To do this exercise, place your legs in a back extension machine and keep your body parallel with the floor. Hold this position.
Alternatively, this exercise can be performed while lying on the ground and then lifting your chest up and holding that position.

V-Up
V-Up is an effective torso exercise that builds power through the center of your body. Because the butterfly pull is a powerful motion and you need to maintain a proper body position throughout it, being able to generate and control power through your torso is critical.
To do this exercise, lie on your back with your legs straight and arms straight overhead. From this position, lift your arms and legs vertically, aiming to bring them together above your body.

Lying Double-Leg Extension
Lying double-leg extension helps you learn to move your legs independently of your spine by strengthening your abdominal muscles. This helps you learn to control and maintain a proper body position while your arms and legs work hard to create speed.
To do this exercise, lie on your back with your knees bent and hovering over your hips. From this position, extend both legs as far as possible while minimizing the movement of your spine. The goal is to get your legs straight.
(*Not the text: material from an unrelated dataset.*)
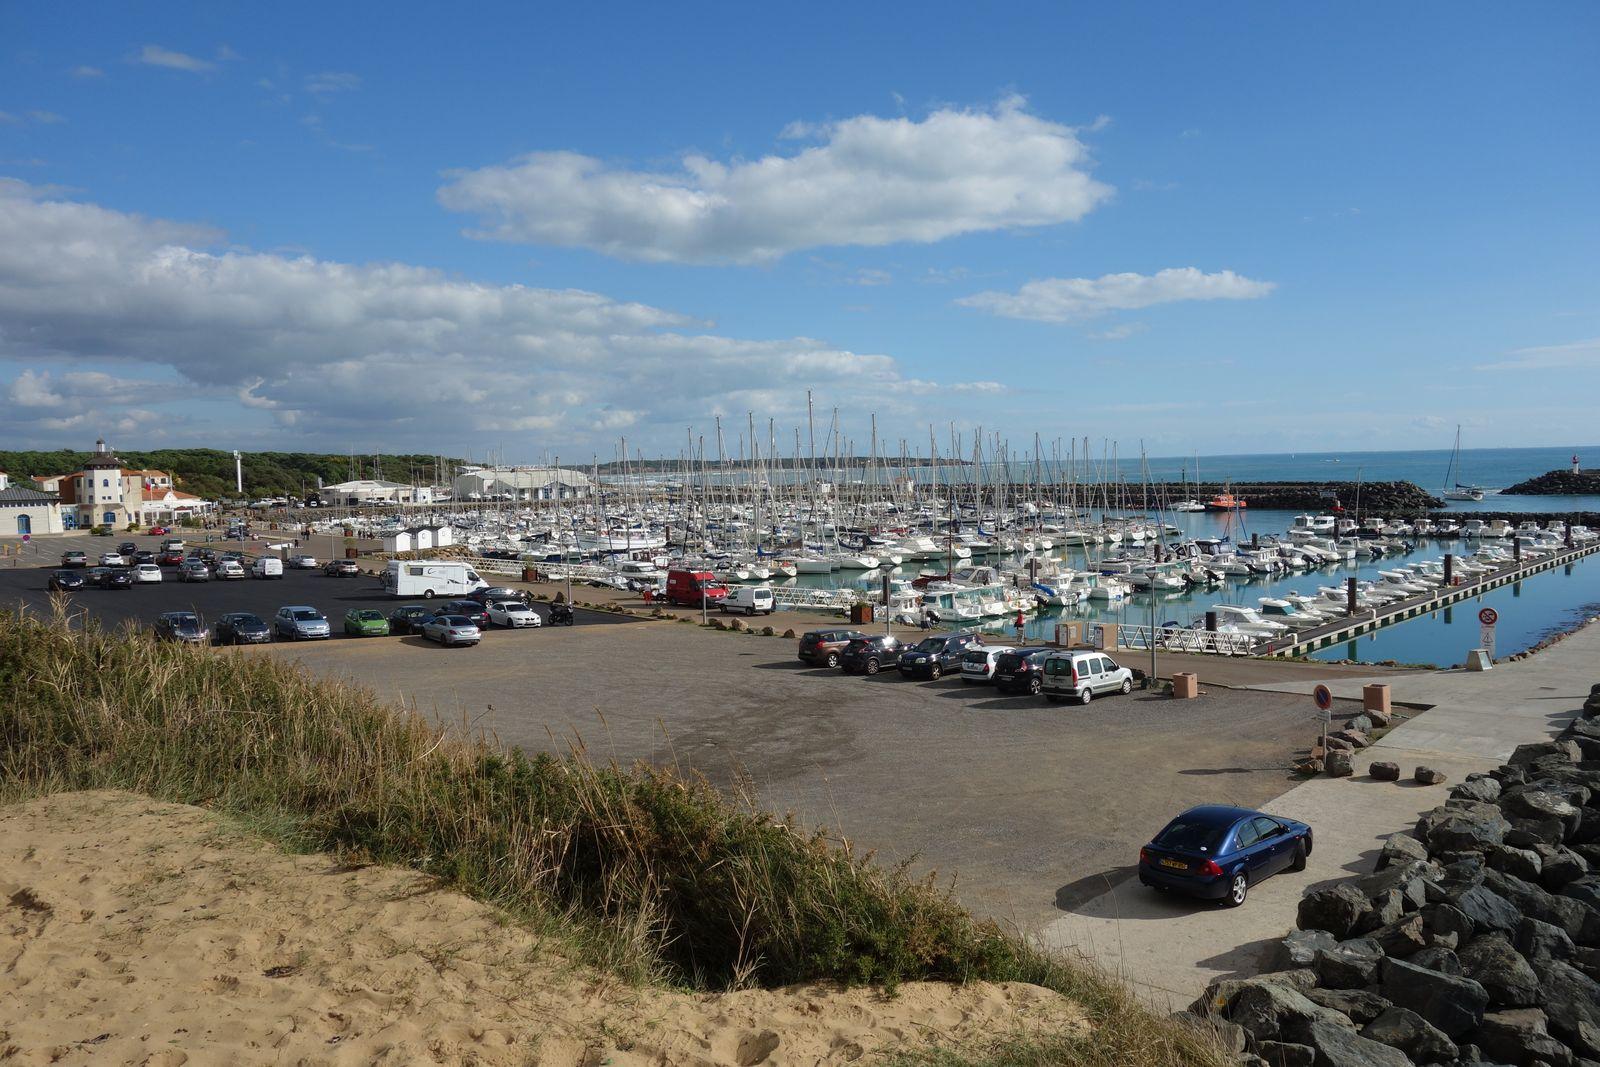 Le port de Bourgenay

Return to the starting position under control.

Reverse Plank
Reverse plank develops endurance in your back muscles and hamstrings, both of which are important for maintaining a proper body position.
To do this exercise, sit on the ground with your legs extended and your hands just under your shoulders. Press into the ground with your hands, elevating your body into a straight line. Maintain this position.

Tabletop (Crab) Bridge
Tabletop bridge, also known as crab bridge, develops endurance in your back muscles and hamstrings, both of which are important for maintaining a proper body position.
To do this exercise, sit on the ground with your legs straight in front of you and your hands just under your shoulders. Press into the ground with your feet and your hands, lifting your hips into the air. This will create a straight line, or tabletop, through your torso. This exercise can be done with repetitions or as a static hold for time.

Bear Plank
Bear plank is a plank variation that works your abdominal muscles more than other variations. With your knees bent, your hip flexors cannot contribute as much force, leaving your abs to do the work.
To do this exercise, begin a quadruped position on your hands and knees, with hands under your shoulders and knees under your hips. From this position, press hard into the ground with your hands and feet, lifting your knees off the ground. Hold this position.